Nikolay Krastev

Personal information
- Full name: Nikolay Dimov Krastev
- Date of birth: 29 October 1979 (age 45)
- Place of birth: Burgas, Bulgaria
- Height: 1.85 m (6 ft 1 in)
- Position(s): Defender

Team information
- Current team: Neftochimic (assistant)

Senior career*
- Years: Team / Apps / (Gls)
- 1997–2006: Naftex Burgas / 143 / (7)
- 2006–2011: Chernomorets Burgas / 94 / (14)
- 2011–2012: Chernomorets Pomorie / 14 / (0)
- Total:  / 251 / (21)

International career
- 2003–2004: Bulgaria / 6 / (0)

Managerial career
- 2012: Chernomorets Pomorie (assistant)
- 2012–2015: Chernomorets Burgas (youth coach)
- 2014–2015: Chernomorets Burgas (assistant)
- 2015: Pirin Blagoevgrad (assistant)
- 2015–2017: Chernomorets 1919 (youth coach)
- 2017: Neftochimic (head of academy)
- 2017: Neftochimic
- 2017–2020: Neftochimic (assistant)
- 2020: Neftochimic

= Nikolay Krastev (footballer, born 1979) =

Bulgarian footballer

Nikolay Krastev (Николай Кръстев) (born 29 October 1979) is a former Bulgarian footballer, who played as a defender and is currently manager of Neftochimic Burgas. Krastev was a central/left defender and captain of the team. He started his career in Naftex Burgas's youth teams.

==Career==
Krastev played nine seasons for Naftex Burgas. In 2003 and 2004, he was a part of Bulgaria national football team, being capped six times. He signed with Chernomorets Burgas in June 2006 on a free transfer and played in Intertoto Cup 2008 matches against the Slovenian ND Gorica and the Swiss Grasshopper Club Zürich. In January 2011, he signed with Chernomorets Pomorie.

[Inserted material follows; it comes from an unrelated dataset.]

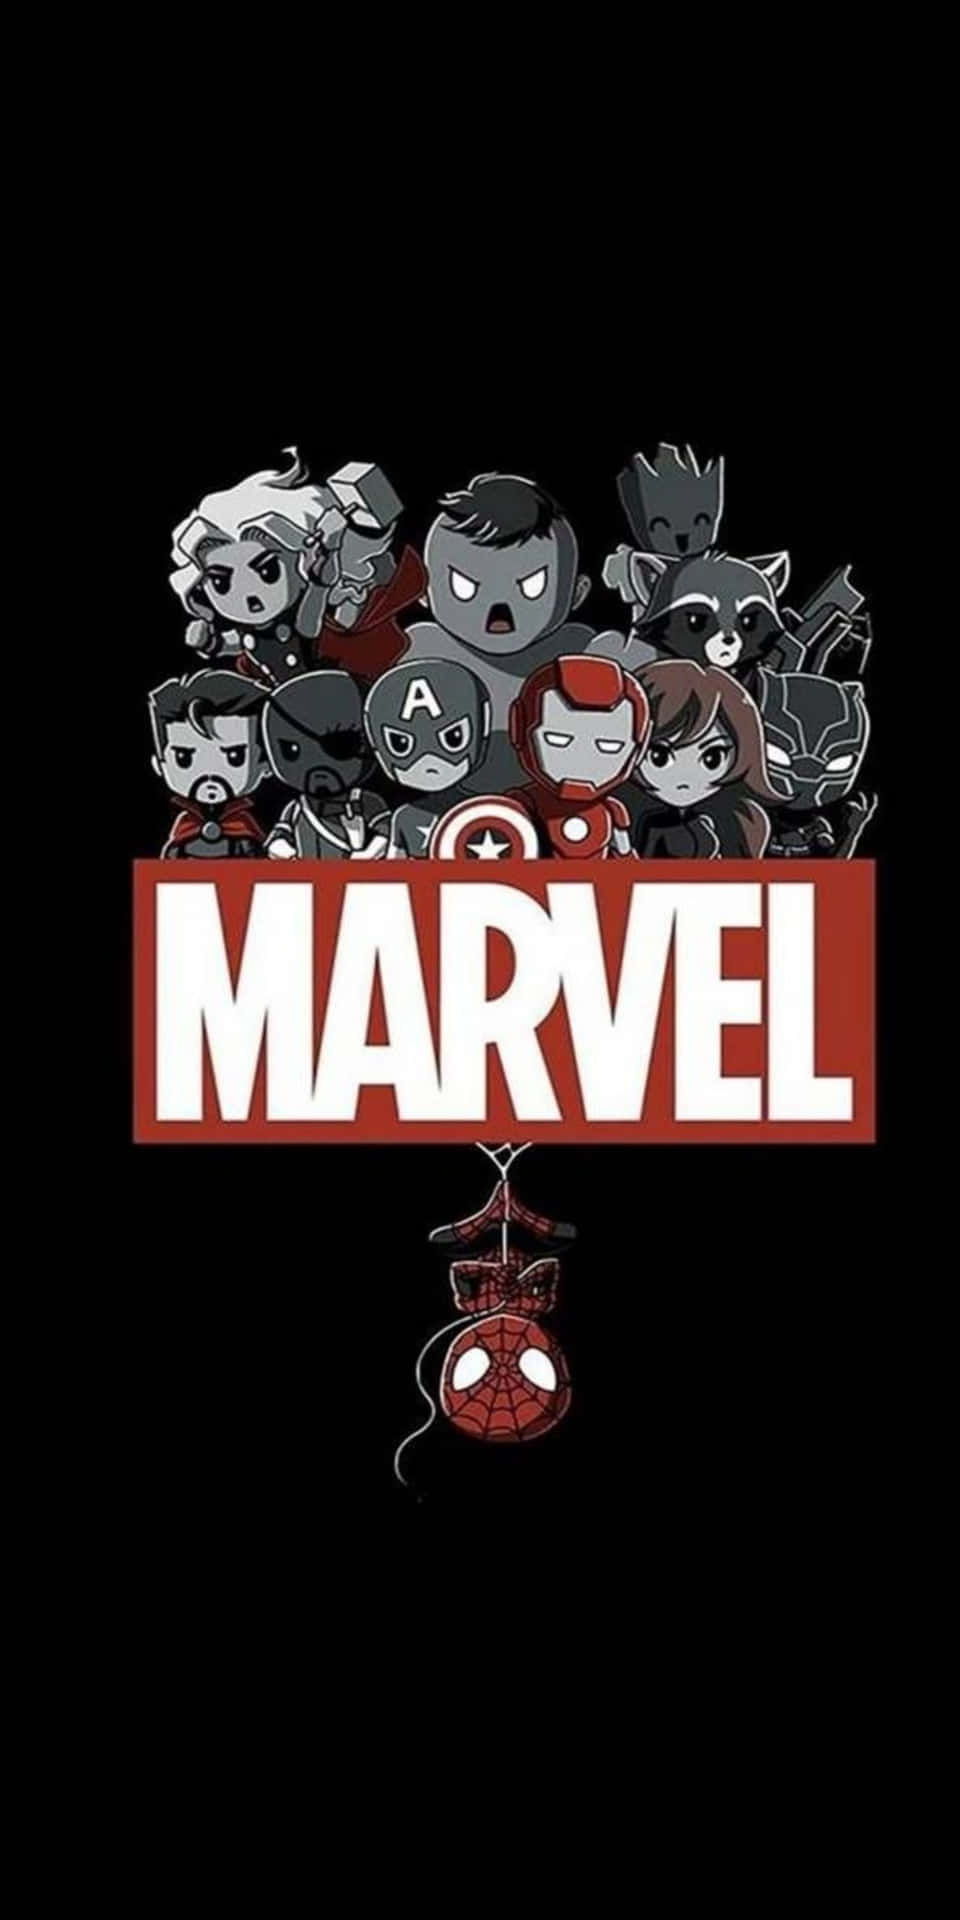 Chibi Heroes Pixel 3 Marvel's Avengers Background

On 23 June 2017, Krastev was appointed as manager of Neftochimic Burgas. On 6 October 2017, following a Board of Directors' decision, Krastev was demoted to assistant manager with Blagomir Mitrev taking charge of the club. He once again became head coach in October 2020, after Viktorio Pavlov was relieved of his duties as manager.

==Personal life==
Krastev's son, Dimo Krastev, is also a professional footballer.